If you’ve been following this blog at all, you know that Resistance has been a slow process in and of itself due to many reasons that are explicated elsewhere in the blog. But chapter 14 holds a special place in my heart as being especially difficult. I felt the writer’s block coming back. I was avoiding my computer and second guessing my ideas. For the first time in a long time, I made excuses not to write and let myself use them. These are the components of an unhealthy relationship with the manuscript. There is a large difference between taking some time to actively think about the next move for your story and just taking some time off because you “don’t feel like it.” Just like it becomes easier to get in the habit of writing regularly, it is easy (if not easier) to get into the habit of not writing. So last night was excellent for me–I overcame what could have been a potential writer’s block event and rekindled my interest in the story now that I am over this hurdle.

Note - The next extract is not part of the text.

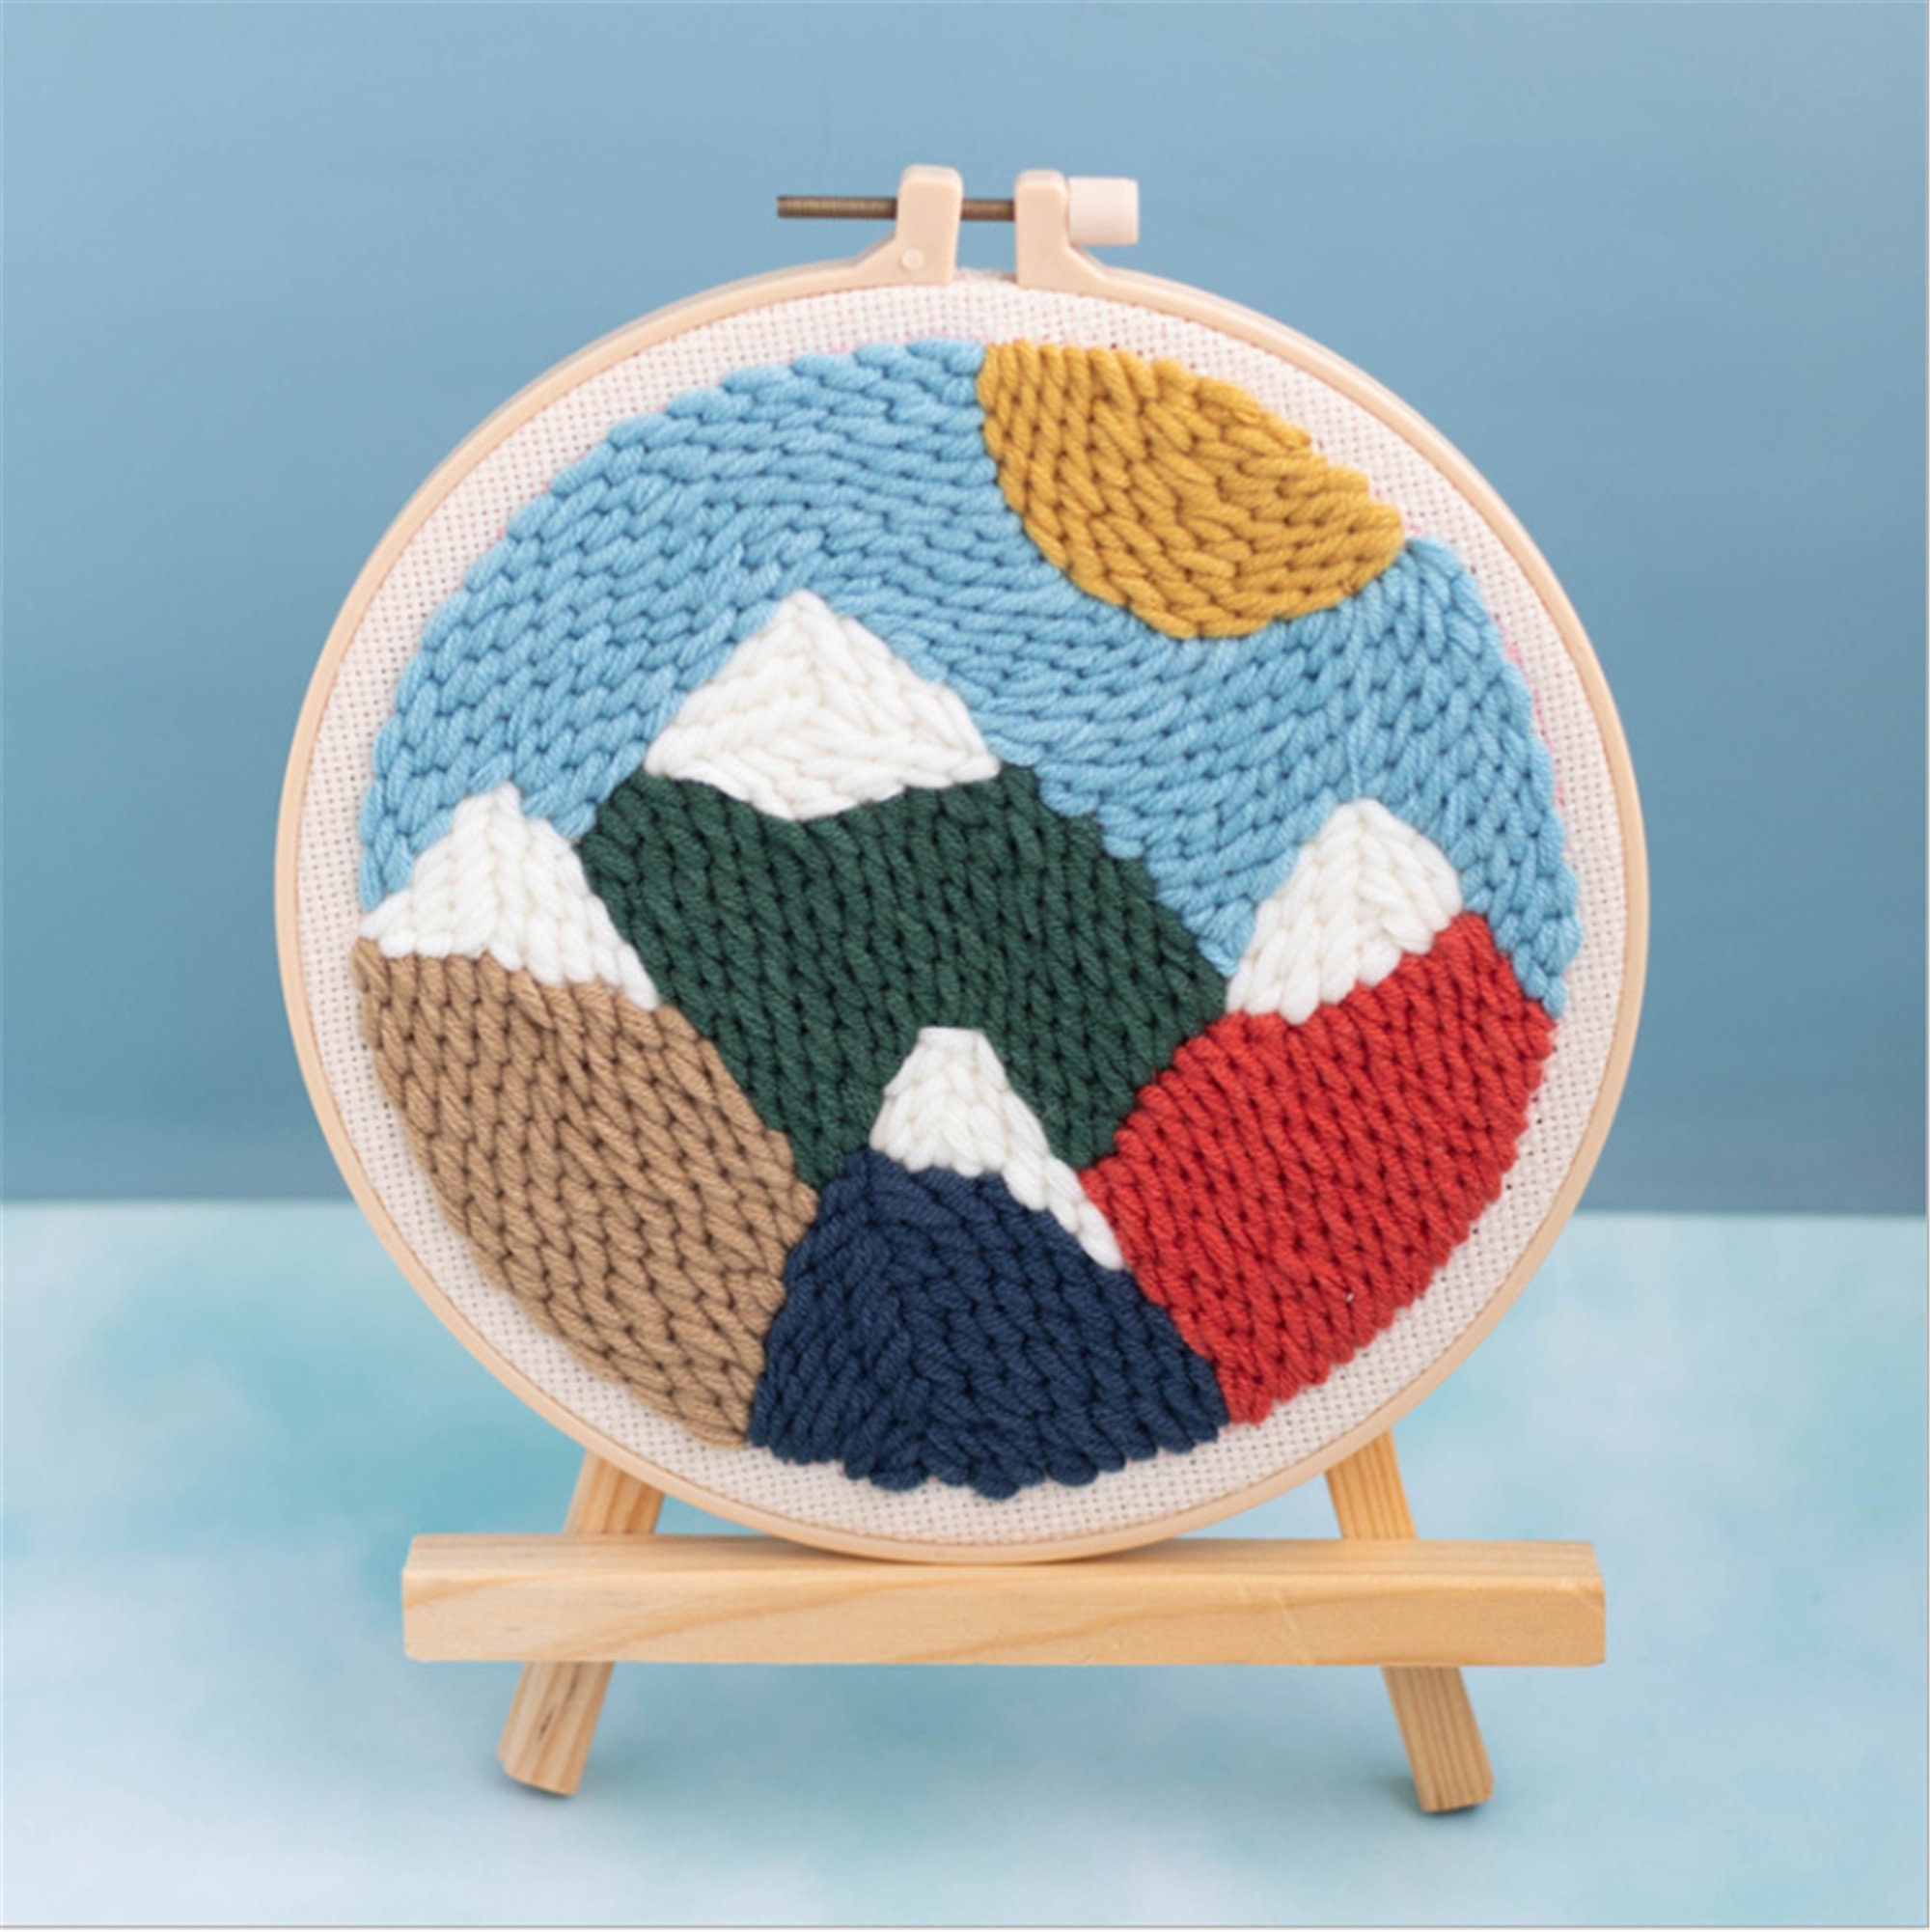 Coaster Punch Needle Kits, Rainbow Tufting Coaster Kit, DIY Beginner  Embroidery Kit 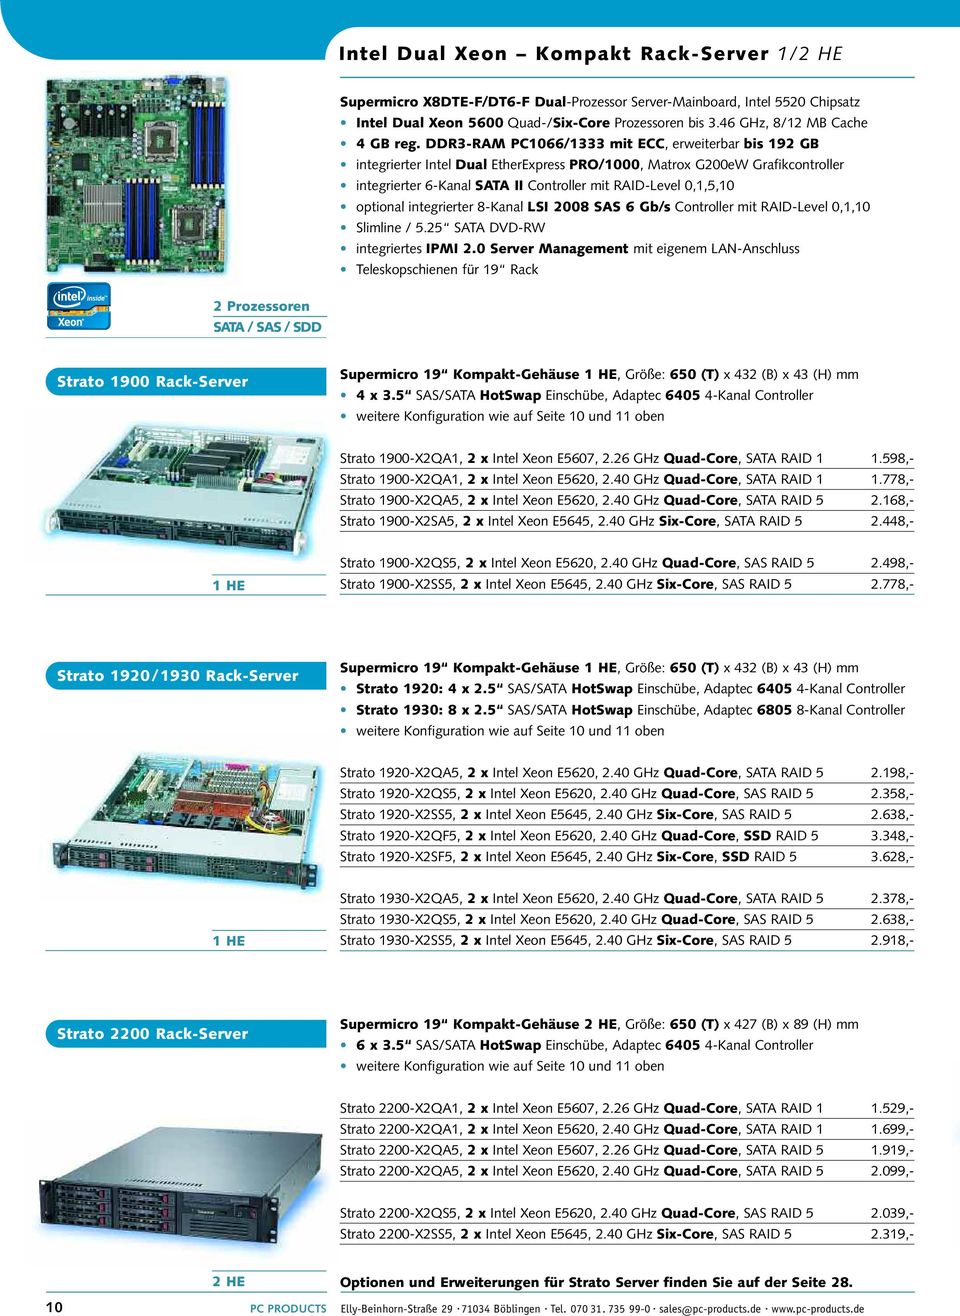 DDR3-RAM PC1066/1333 mit ECC, erweiterbar bis 192 GB integrierter Intel Dual EtherExpress PRO/1000, Matrox G200eW Grafikcontroller integrierter 6-Kanal SATA II Controller mit RAID-Level 0,1,5,10

There are some legitimate reasons (besides just falling into a lazy spell) that this chapter was so slow coming. First of all, I struggled with pacing. I had so many events I wanted to cram into this chapter. I knew the initial scene and the final scene I wanted to set. Thus, I became frustrated sorting out how to deal with all the events that needed to play out in between chapter end and beginning. Essentially, the chapter was to encompass an entire day, starting in the early morning and concluding 24 hours later. Major events would be happening in the early morning and late night of the day. While I had a rough outline of what Mara would be doing during the day, my mind couldn’t place enough significance on these events to flesh them out for the text. This is where the halting writing habits commenced.
The answer to this pacing problem was obvious and took me an embarrassingly long time to come to. Simply do not write the parts of the day that aren’t sparking interest. If they seemed boring and superfluous to me as a writer, they certainly would to a reader. When reading a novel, every single event of every single day is not related–this is the very essence of pacing. My hang-up was that I felt the potential to incorporate importance into the events that I ultimately decided to leave out. However, in the future I can always come back and add details or scenes as necessary. The important thing for now, I realized, was to get the chapter written.
So I cut out the chunk of events that was holding me up and segued from one key scene, building up suspense and then arcing it back down, to the next end of the day scene where I once again started the build-up of suspense. The chapter climax came at the end, and will hopefully keep the reader hungry to turn the page. Ending chapter 14 has certainly given this writer fuel to keep the story alive.